Different compilers, the same compiler on different architectures or operating systems, etc., will all layout structs differently.
As the file format you want to read is defined in terms of which bytes go where, a struct, although it looks very convenient and tempting, isn't the right solution. You need to treat the file as a char[] and pull out the bytes you need and shift them in order to make numbers composed of multiple bytes, etc.
The solution is compiler-specific, but for instance in GCC, you can force it to pack the structure more tightly by appending __attribute__((packed)) to the definition. See http://gcc.gnu.org/onlinedocs/gcc-3.2.3/gcc/Type-Attributes.html.
It's been a while since I worked with zip-compressed files, but I do remember the practice of adding my own padding to hit the 4-byte alignment rules of PowerPC arch.
At best you simply need to define each element of your struct to the size of the piece of data you want to read in. Don't just use 'int' as that may be platform/compiler defined to various sizes.
Do something like this in a header:
typedef unsigned long unsigned32;
typedef unsigned short unsigned16;
typedef unsigned char unsigned8;
typedef unsigned char byte;
Then instead of just int use an unsigned32 where you have a known 4-byte vaule. And unsigned16 for any known 2-byte values.

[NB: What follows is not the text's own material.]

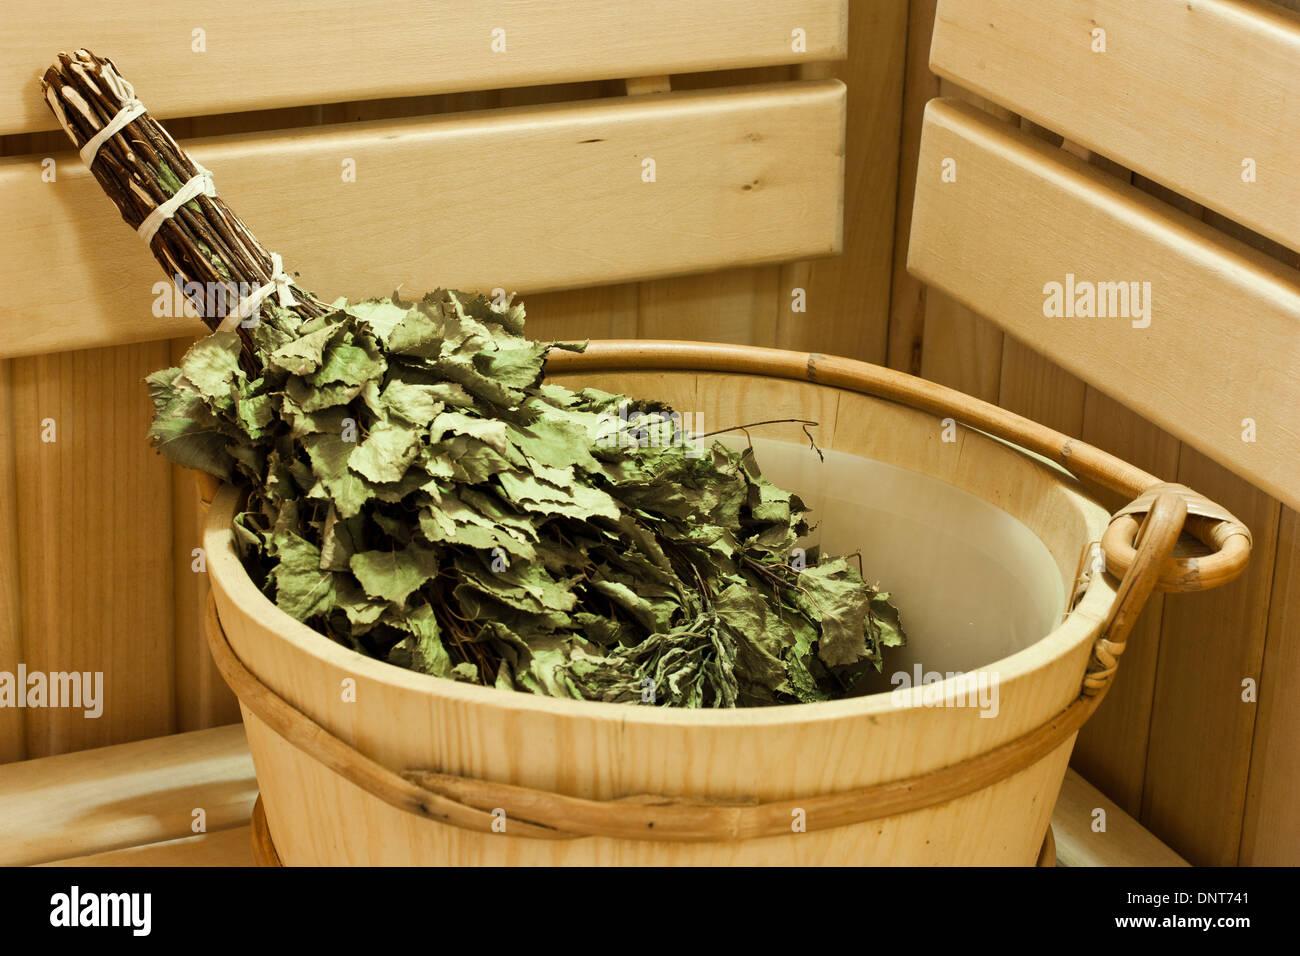 sauna bath and sauna accessories, bucket and broom - Stock Image
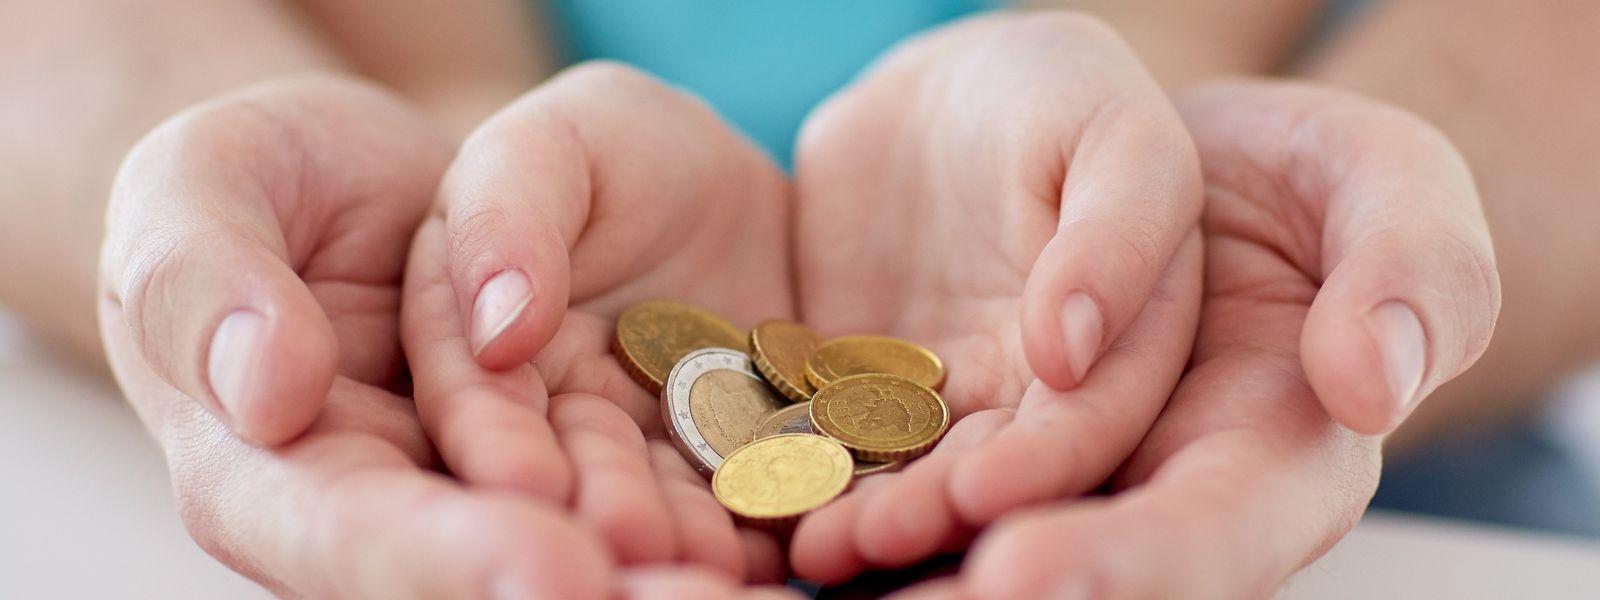 Luxemburg muss auch für die Kinder der Partner eines Grenzgängers Kindergeld zahlen, sagt der EuGH.

This will help you see where you can add padding bytes to hit 4-byte alignment, or where you can group 2, 2-byte elements to make up a 4-byte alignment.
Ideally you can use a minimum of padding bytes (which can be used to add additional data later as your expand the program) or none at all if you can align everything to 4-byte boundaries with variable-length data at the end.
Also, the name and extra_field will not contain any meaningful data, most likely. At least not between runs of the program, since these are pointers.